[TUHS] Early Yacc revisited

Wed Nov 12 04:36:24 AEST 2014

Yes, Yacc was originally written in B.  There were two B compilers in use
at that time--one for the early versions of Unix, and another for the
GE/Honeywell mainframe that was the main Bell Labs computer at the time. 
I kind of fell heir to the Honeywell B compiler when Dennis started
working full time on Unix, and I wanted to add some things to it (notably,
I wanted to add ^ as an exclusive OR operator).  This was pretty painful
in the hand-crafted code in the original compiler, and got us thinking
about how to do better.  Al Aho was familiar with Knuth's recent work on
LR parsing, and this motivated the birth of Yacc.  Most of the early work
on Yacc was done on the Honeywell system, since Unix was still pretty
crude at the time.  And the early Yacc has horribly slow.  I remember one
grammar we ran on Unix with 40 rules that took 20 minutes, and brought
everybody else to a halt.  Most of the work on Unix Yacc was trying to
make it much faster and to make it fit in the very small memories
available.  I estimated at one point that Yacc had sped up by a factor of
10,000 in the first three years of its existence.  Some of this speed up
was nontrivial--we had to prove theorems to convince ourselves that the
faster techniques would give the correct answers.
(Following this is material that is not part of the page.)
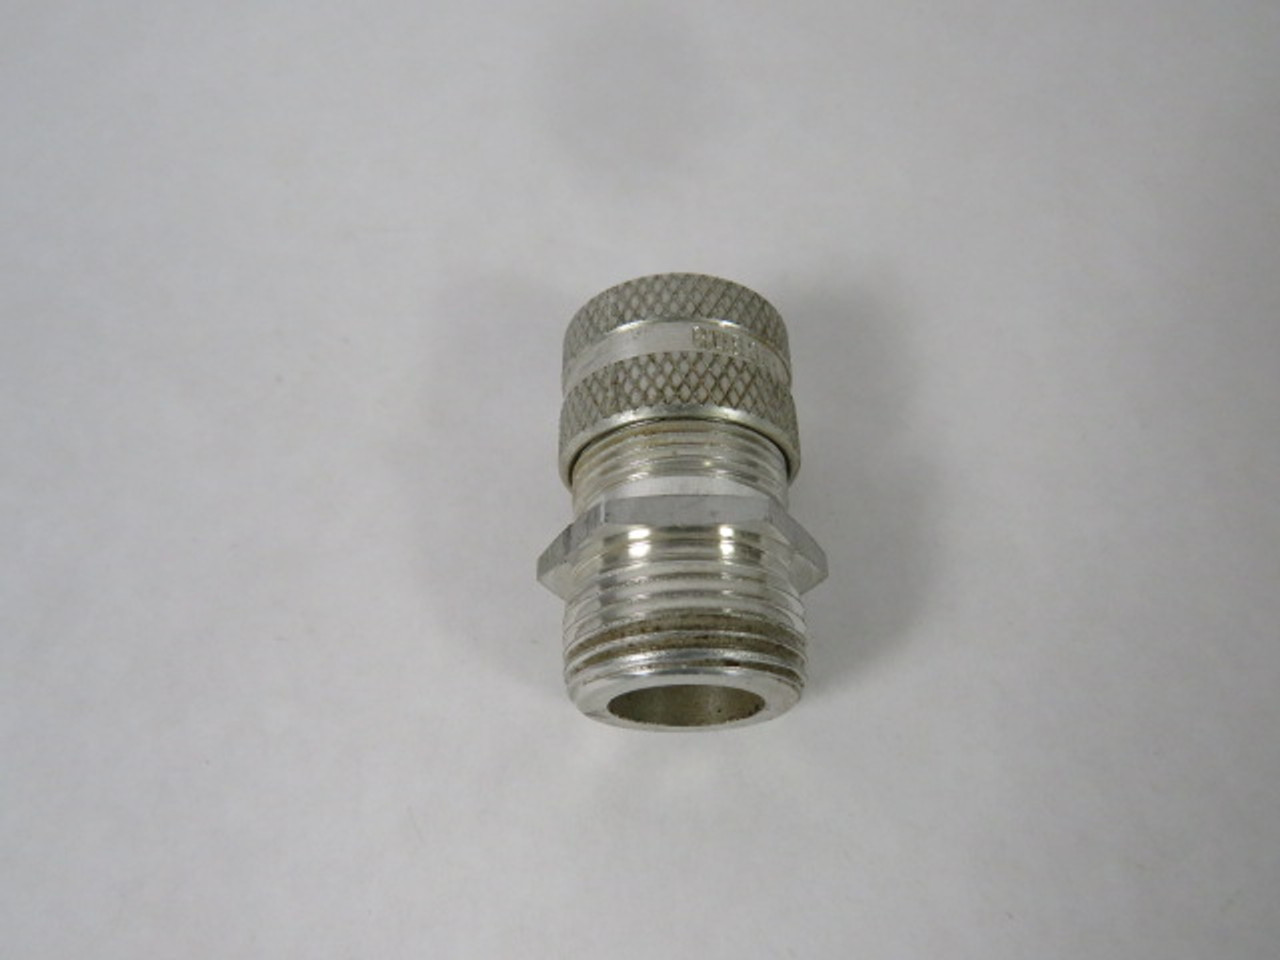 Hubbell SHC1033 3/4"NPT Cord Connector Aluminum USED

Since Yacc turned grammars into finite state machines, the original code
that Yacc generated consisted largely of tests of an input token followed
by a goto to the next state.  Yes, B (and C) had a goto statement...  But
there had been a lot written about how harmful gotos were, and Dennis had
taken this talk seriously.  The compiler would let you use gotos, but at
most ten of them!  That didn't allow for very complicated grammars...   So
the code generator was rewritten to use switch statements...

In many ways, the Honeywell B compiler was better than the Unix one.  B,
like its ancestor BCPL, was really designed for a word-addressed
architecture.  There was an assumption that to move to the next element of
a vector of integers, you just added 1 to the address.  The Honeywell was
a word addressed machine, but the PDP-11 was byte addressed, and B had to
do some very strange hacks to turn machine pointers into integers and back
to addresses...  This need to have pointers to objects of different sizes
was one of the major motivations for moving from B to C -- type checking
was not much of a factor at all, and in fact encountered quite a bit of
resistance at first...

The short file names supported in the early days actually discouraged the
use of suffixes.  The use of .h for header files came later, and the early
Yacc header files had no suffixes.  Similarly, Yacc didn't care whether
its input was .y or not.  The explosion of these extensions really came
later, with Make and longer file names.

> I've been thinking more about early yacc.
>
> It's not mentioned explicitly but I'm wondering if early Yacc's output
> (say in Unix version 3) was in B language since it was written in B
> language? It seems logical but I can't back up this assertion as
> there's no executable or source code that I can find. I assume there
> had to be some sort of B language compiler at some point but the
> hybrid v1/v2 unix I've looked at doesn't have it.
>
> And I'm still wondering what yacc was used for in the Unix v5 era.
> There's no *.y at all, e.g. no expr and no bc. I still have some hopes
> of modifying bc to run on Unix v5, or at least getting some simple
> yacc program to work under the v5 version.
>
> Mark
>